When I entered the office, I saw Andy sitting across the desk from the principal. He was crying. The principal’s face was beet red. I had never seen anyone with a face that was actually the color red from anger before. I sat down. He looked at us.
“Fuck you, Ratman?” He shouted at us. “FUCK YOU, RATMAN?! You think we’re going to allow that?!”
It became clear now. A student had written an op-ed piece for the Mushroom Cloud about the assistant principal with the not-so-eloquent title “Fuck you, Ratman.” It was the straw that broke the camel’s back.
The principal angrily outlined our downfall: a student brought a copy of the Mushroom Cloud home where her poor mom was “horrified” to read words like “fuck you” and “hump me, baby” and got on the phone to call another mom. Then that mom called a mom, and another mom, and so on. Soon the principal had two phone receivers to his ears at once with calls about the “filthy, obscene” literature being distributed to the young minds at Port High.
“And here we are,” he said. I tried in vain to say something along the lines of, “well, like, we have, like, first amendment rights, you know.”

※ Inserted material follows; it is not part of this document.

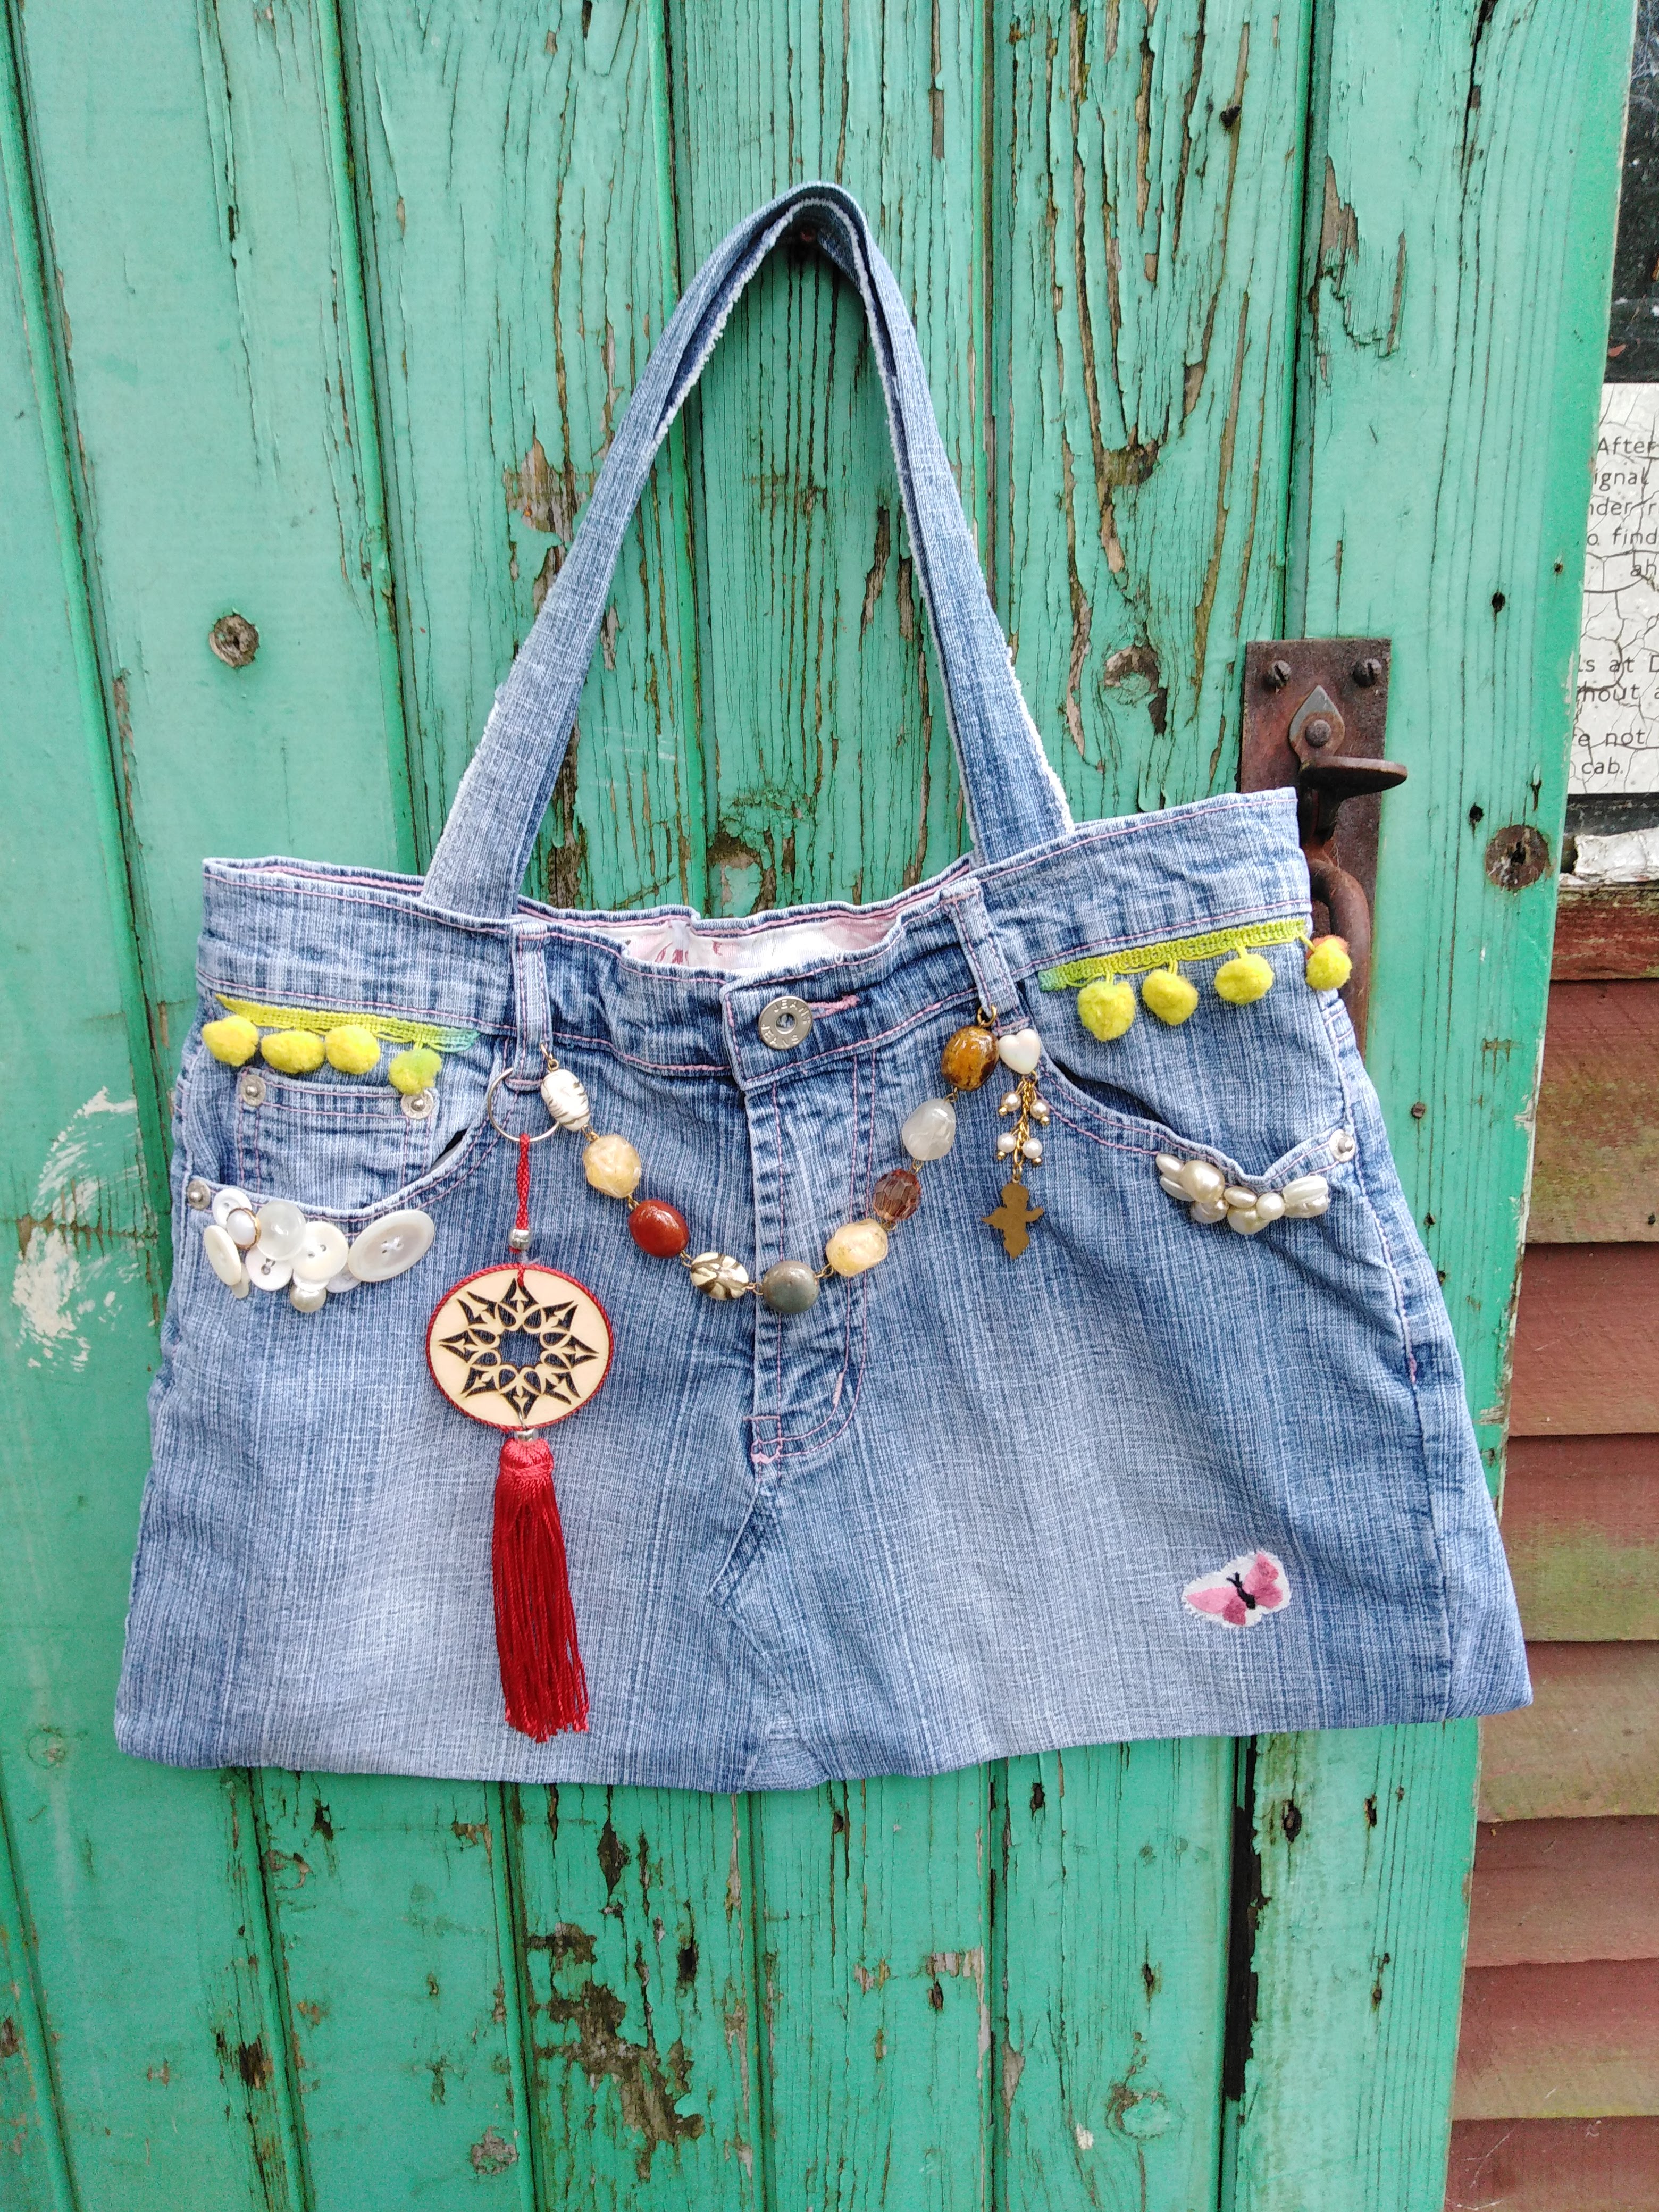 SALE. Upcycled jeans, eco friendly bag, purse. Ladies denim bag, hand finished, denim, decorated 
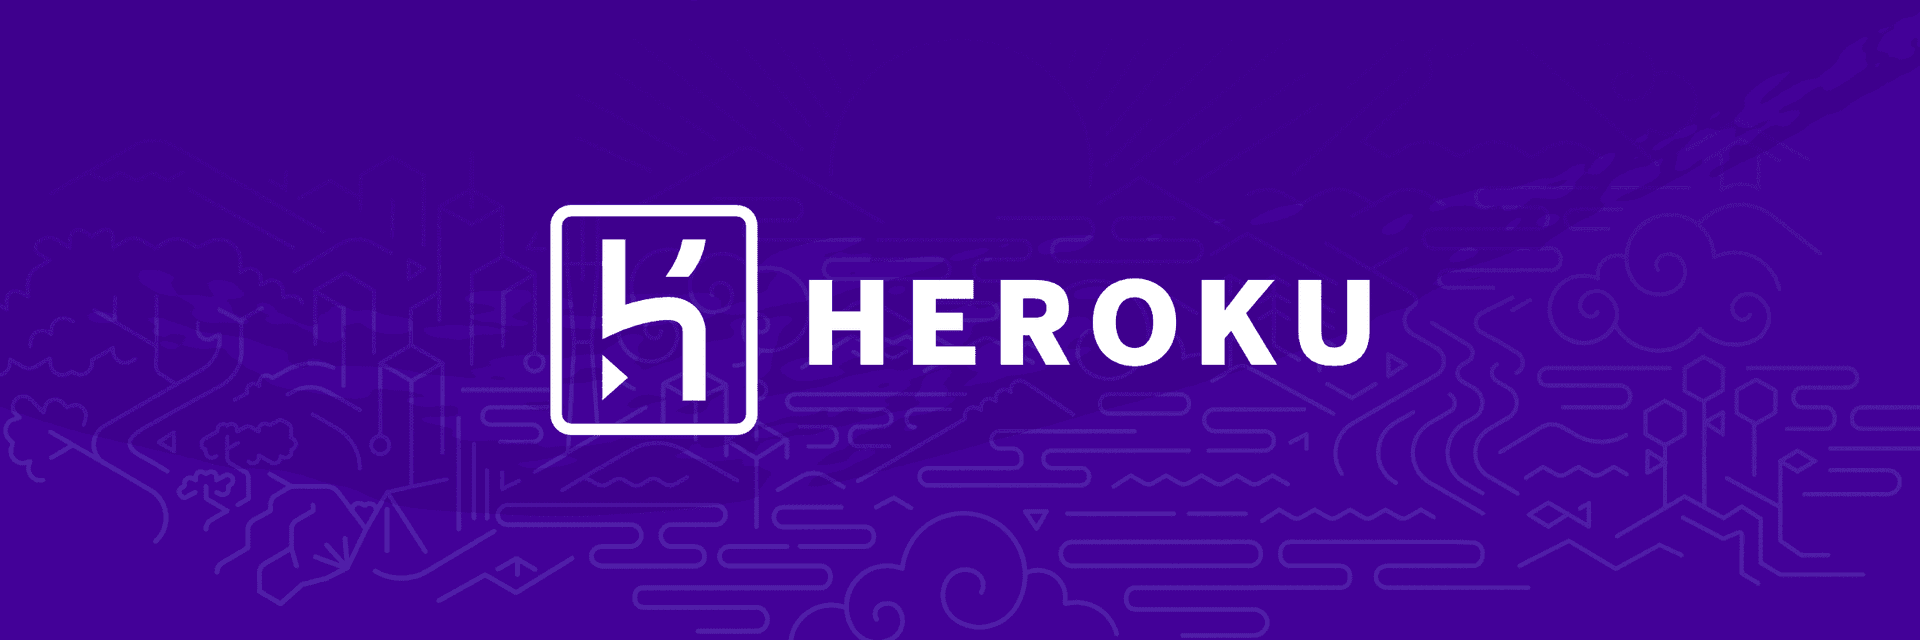 How to set up Continuous Delivery to Heroku

“Not in High School, you don’t!” the principal shouted at us. I tried explaining that I didn’t understand why we were being punished for a creative venture that encouraged students to write and– albeit crudely–voice their opinion. The principal angrily told us we should have joined the staff of the official school newspaper. When I mentioned how boring the paper was and the parent-teacher board of Catholic moms armed with red markers, the principal shrugged angrily.
“Wake up! That’s life!” He hurled out. Me and my colleague were given a three day, out of school suspension, the most severe punishment. We were told that if we participated in any extra- curricular activity that wasn’t school approved, we would be recommended for expulsion.
We were sent home. Several Mushroom Cloud staff members went to the principal the next day to tell him that his verdict was unfair and that they would protest outside of the school. The principal shot down that plan by telling them that doing so would give each of them a three day out of school suspension. The school sent my parents a copy of the Mushroom Cloud with every offensive word highlighted brightly. Although my parents admired my creative output, the profanity offended them and they grounded me for a lengthy period of time. With the expulsion threat and a pair of angry parents I decided my career in the underground press needed to go on hiatus for awhile.
When I returned to school in the fall of my Junior year, though, I found a surprise in the hallway—a photocopy of a newsletter called Mushroom Cloud. “We’re back from the dead, and under new management,” it said on the cover, which had clipped the logo from an old issue of the newsletter. To this day, I have no idea who was responsible. Inside this mysterious new publication was Mushroom Cloud– style satire, which I thought was not as clever or well laid out as the original, as I pointed out to the principal when I found myself back in his office with a demand to explain it.
Still, I suppose, imitation is the best form of flattery.